Schweinfurt

SPD findet zu wenig Verbündete: Haushaltsanträge abgelehnt

Mehr Geld für pädagogische Hilfskräfte, die Disharmonie, neue Baugebiete und Bäume in der Stadt forderte die SPD. Warum die Mehrheit im Stadtrat dafür nichts übrig hatte.
Es bleibt dabei, die Disharmonie bekommt über die genehmigten 50 000 Euro keine weitere städtische Unterstützung, die SPD scheiterte mit einem erneuten Antrag im Stadtrat. Foto: Gerd Landgraf

Bei den Haushaltsberatungen waren die Schweinfurter Sozialdemokraten mit ihren Anträgen bereits gescheitert, im Stadtrat passierte dies nun vor der Abstimmung zur Haushaltssatzung 2020 wieder. Mit klaren Mehrheiten abgelehnt wurden vier Anträge der SPD. Für pädagogische Hilfskräfte in Schweinfurter Grundschulen wurden die über die bereits im Haushalt stehenden 200 000 Euro hinaus geforderten weiteren 80 000 Euro abgelehnt. Damit wollte man an drei Grundschulen auf Vollzeitkräfte aufstocken.

Ebenfalls abgelehnt wurde der Antrag, die Förderung für die Disharmonie von 50 000 auf 100 000 Euro aufzustocken. Die Disharmonie bietet mit über 200 Veranstaltungen im Jahr das größte Angebot aller Kulturträger in der Stadt. Geschäftsführer Jürgen Dahlke geht in wenigen Jahren in Rente, die Frage, wie man die Disharmonie besser unterstützen und jetzt schon eine Basis für die Zukunft schaffen kann, ist seit Jahren ein Streitpunkt zwischen CSU und der Opposition. So auch dieses Mal wieder, als sich CSU-Rat Klaus Rehberger und SPD-Fraktionsvorsitzender Ralf Hofmann ein Wortgefecht lieferten. Rehberger vermisste eine Begründung für den SPD-Wunsch nach mehr Geld, Hofmann verwies auf die Haushaltsberatungen, wo man sich ausführlich geäußert habe.

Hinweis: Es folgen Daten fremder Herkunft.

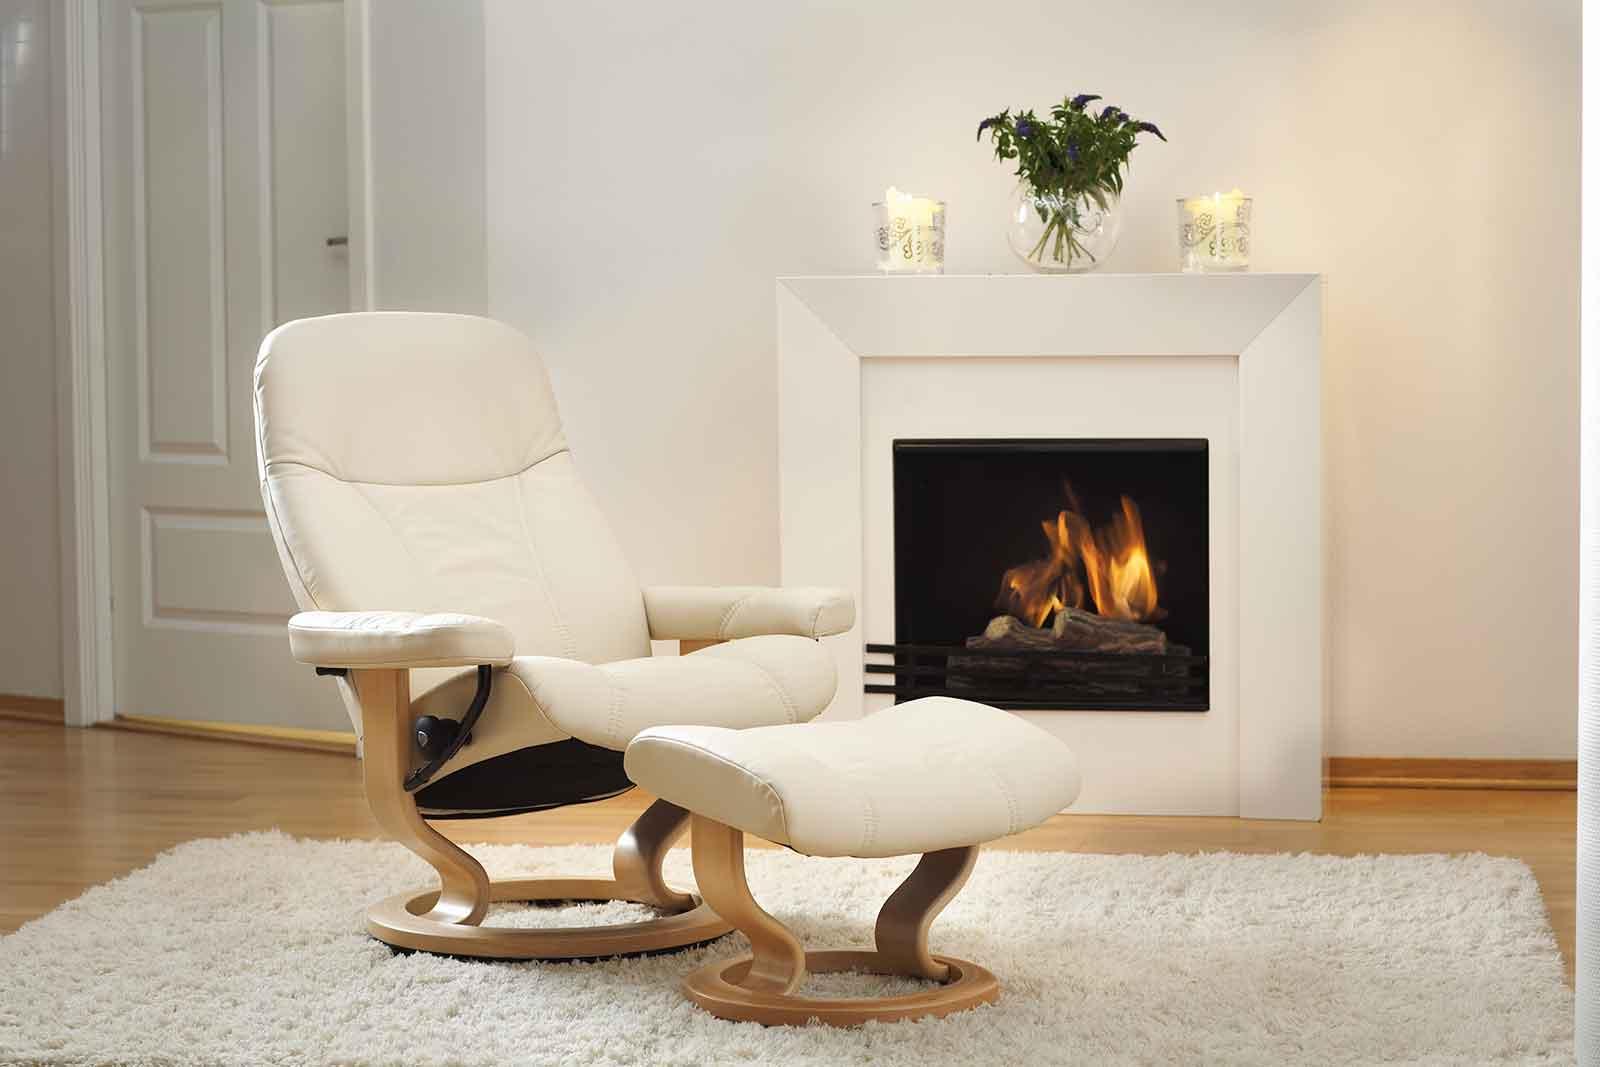 konfigurator stresssless consul classic hocker geschenkt. Black Bedroom Furniture Sets. Home Design Ideas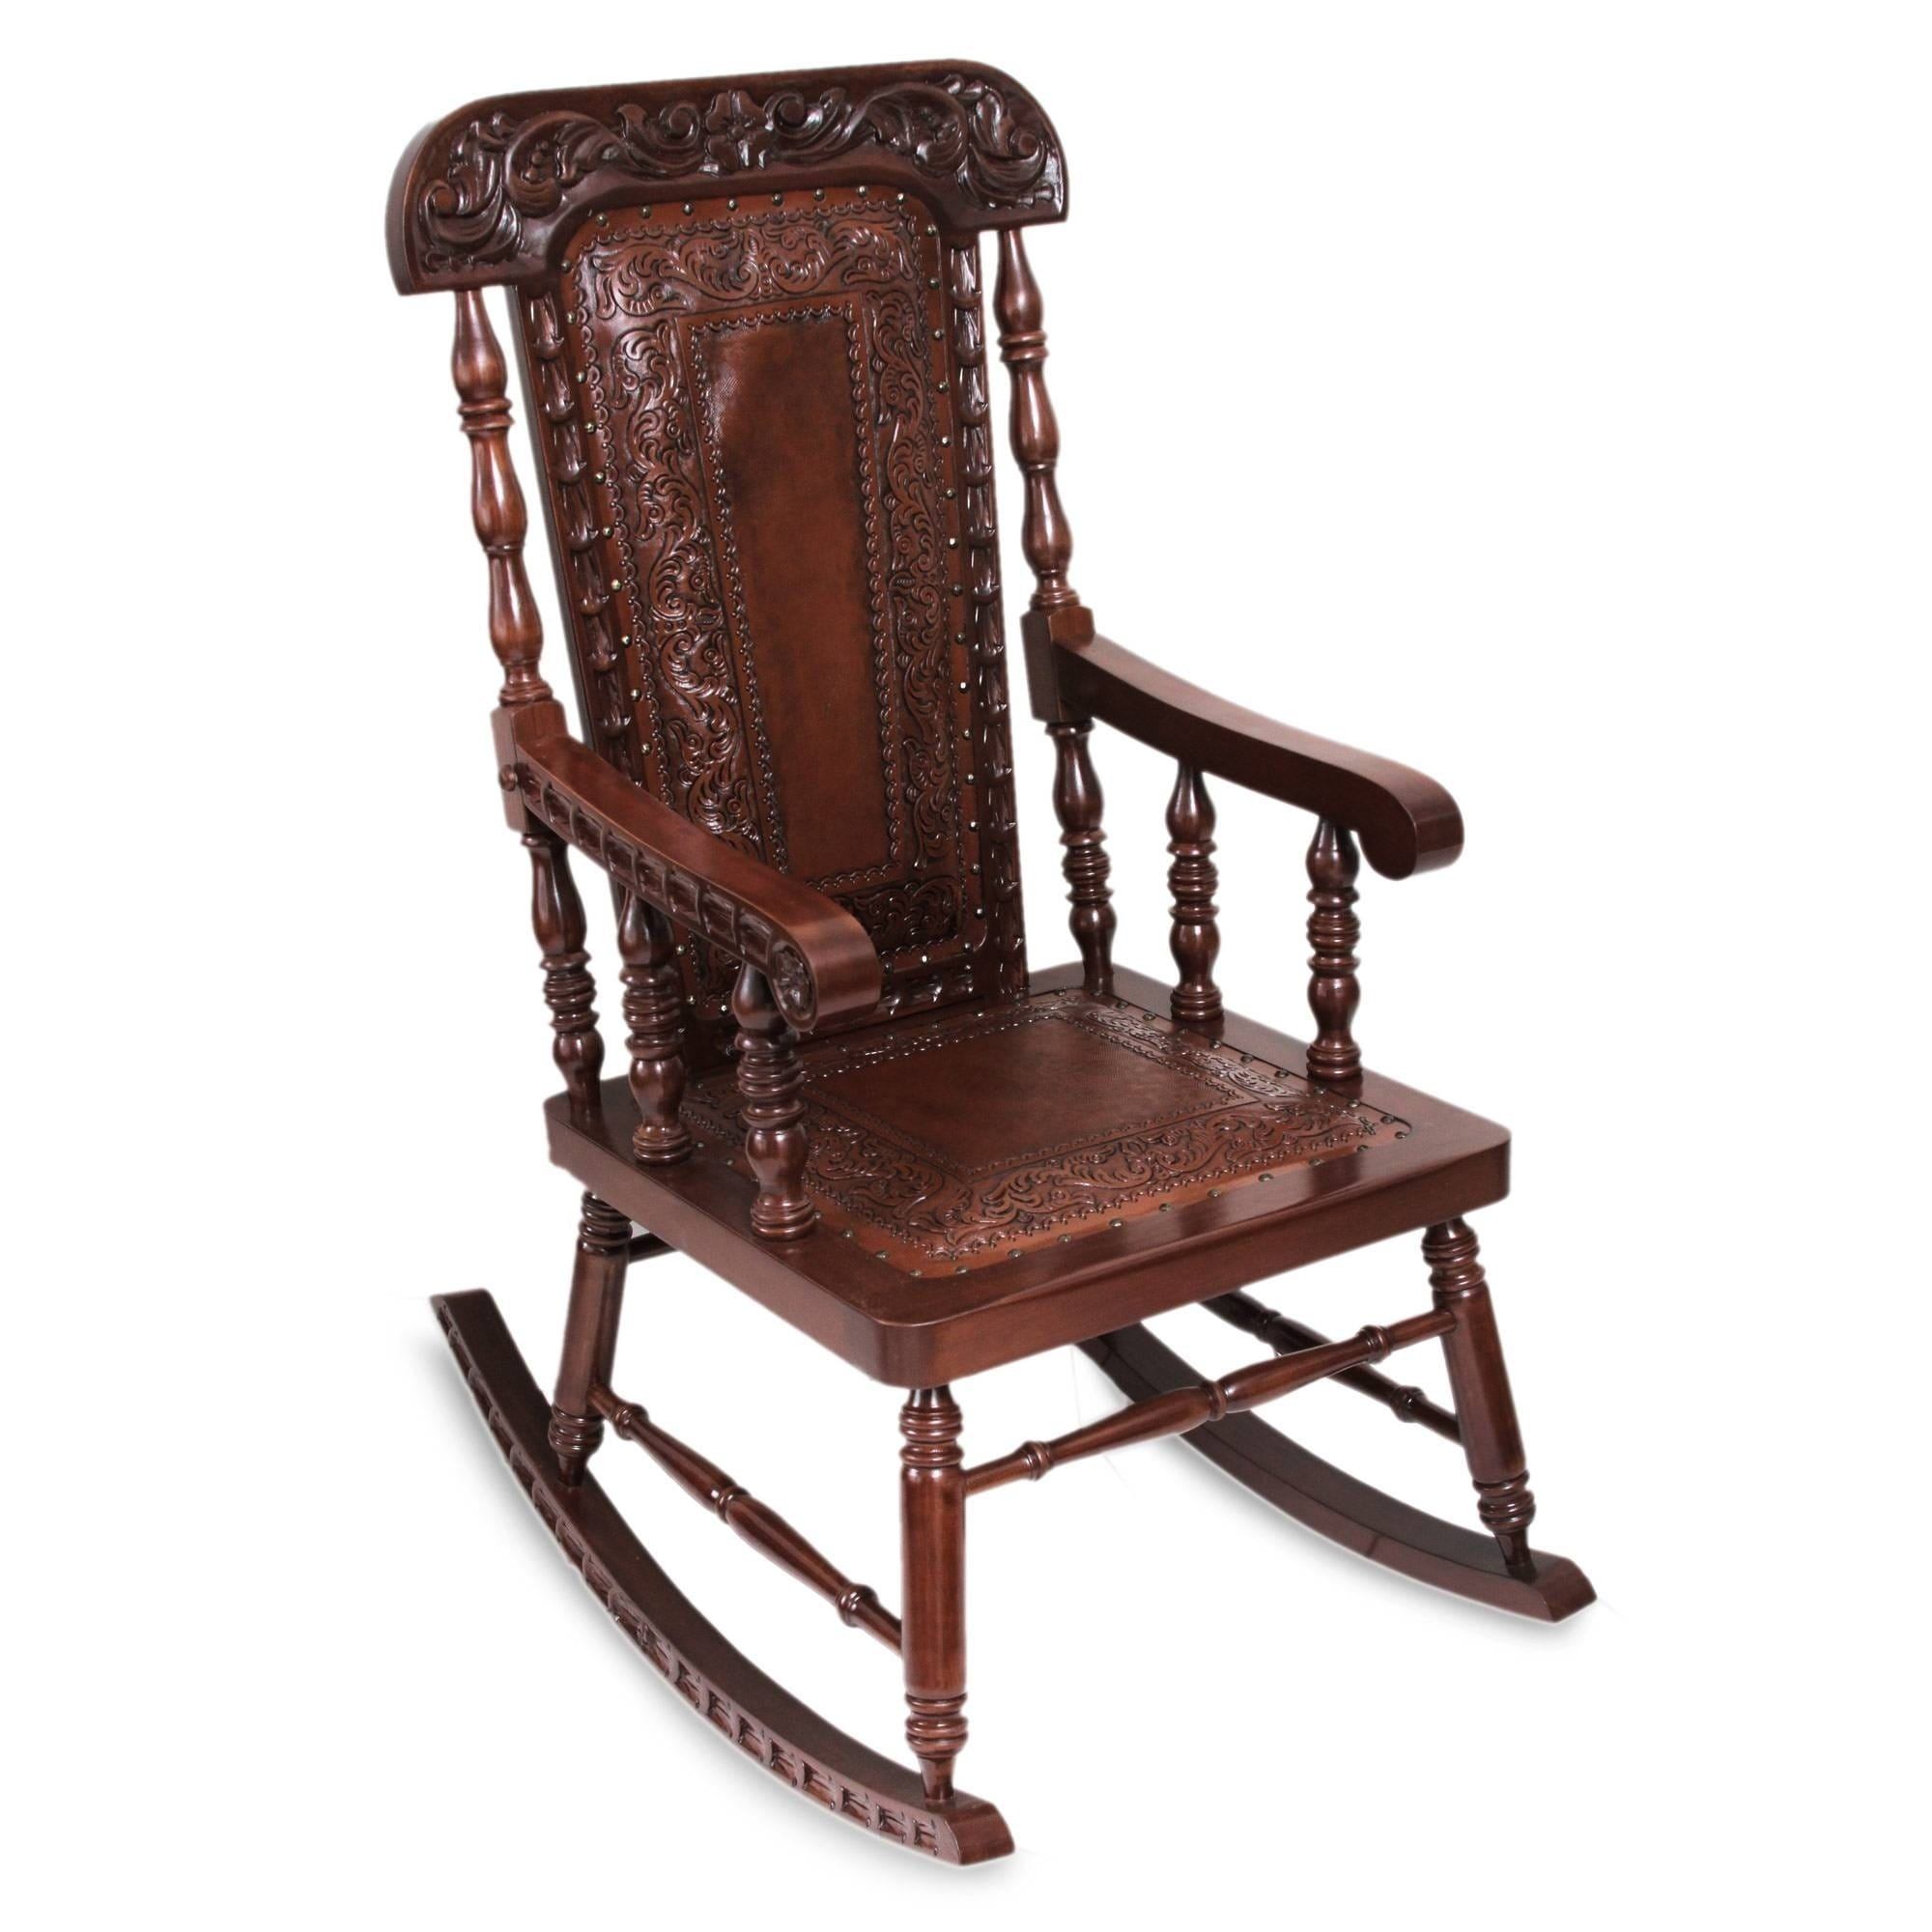 Enjoyable Nobility Cedar And Leather Rocking Chair Machost Co Dining Chair Design Ideas Machostcouk

Oberbürgermeister Sebastian Remelé (CSU) sieht "keinen weiteren Zuschussbedarf, da nach unseren Informationen kein Defizit erzeugt wird". Er wisse um die Problematik, "wir sollten uns aber erst mit der Personalie beschäftigen, wenn sie akut ist". Der SPD-Antrag wurde denn auch mit 25:17 Stimmen abgelehnt.

Baugebiete Pfannäcker und Mönchskutte erst in einigen Jahren

Ebenfalls abgelehnt wurde der Antrag, die Innenstadt zu begrünen inklusive eines Spaßbrunnens am Zeughausplatz sowie der Antrag, 200 000 Euro Planungskosten im Haushalt für die Entwicklung der Neubaugebiete Pfannäcker und Mönchskutte einzustellen. Baureferent Ralf Brettin sieht keinen Grund dafür und verwies auf die im Stadtrat abgestimmte Reihenfolge: Erst wird im Rahmen der Landesgartenschau 2026 das Kesslerfield zum Wohngebiet entwickelt, dann die Pfannäcker, wo es bisher keinen Flächennutzungsplan gibt, danach die Mönchskutte. Er halte es grundsätzlich angesichts der Neubaugebiete in Bellevue und Kesslerfield für schwer vermittelbar gegenüber der Regierung von Unterfranken, jetzt schon mit Pfannäcker und Mönchskutte zu beginnen.

Ulrike Schneider (Schweinfurter Liste/Freie Wähler) fragte an, ob für die Finanzierung des Tierheims nach dem Gespräch mit den Verantwortlichen am 21. November mehr Geld bereit gestellt werde. Ordnungsreferent Jan von Lackum erklärte, dies werde erst dann erfolgen, wenn der Bedarf tatsächlich nachgewiesen sei. Die Unterlagen müssen von Seiten des Tierheims in Schwebheim aber erst vorgelegt werden.

Ebenfalls keinen Bedarf, Geld für Planungskosten in den Haushalt zu stellen, sieht die Verwaltung bei Schneiders Nachfrage zum Thema Wald-Neupflanzung. Ralf Brettin erläuterte, dass das städtische Forstamt sich intensiv mit dem Plan beschäftige, neuen Wald anzupflanzen, entweder südlich von Oberndorf oder auf der ehemaligen Schießanlage am Schießhaus. Gleichwohl werde es ein langwieriger Genehmigungsprozess.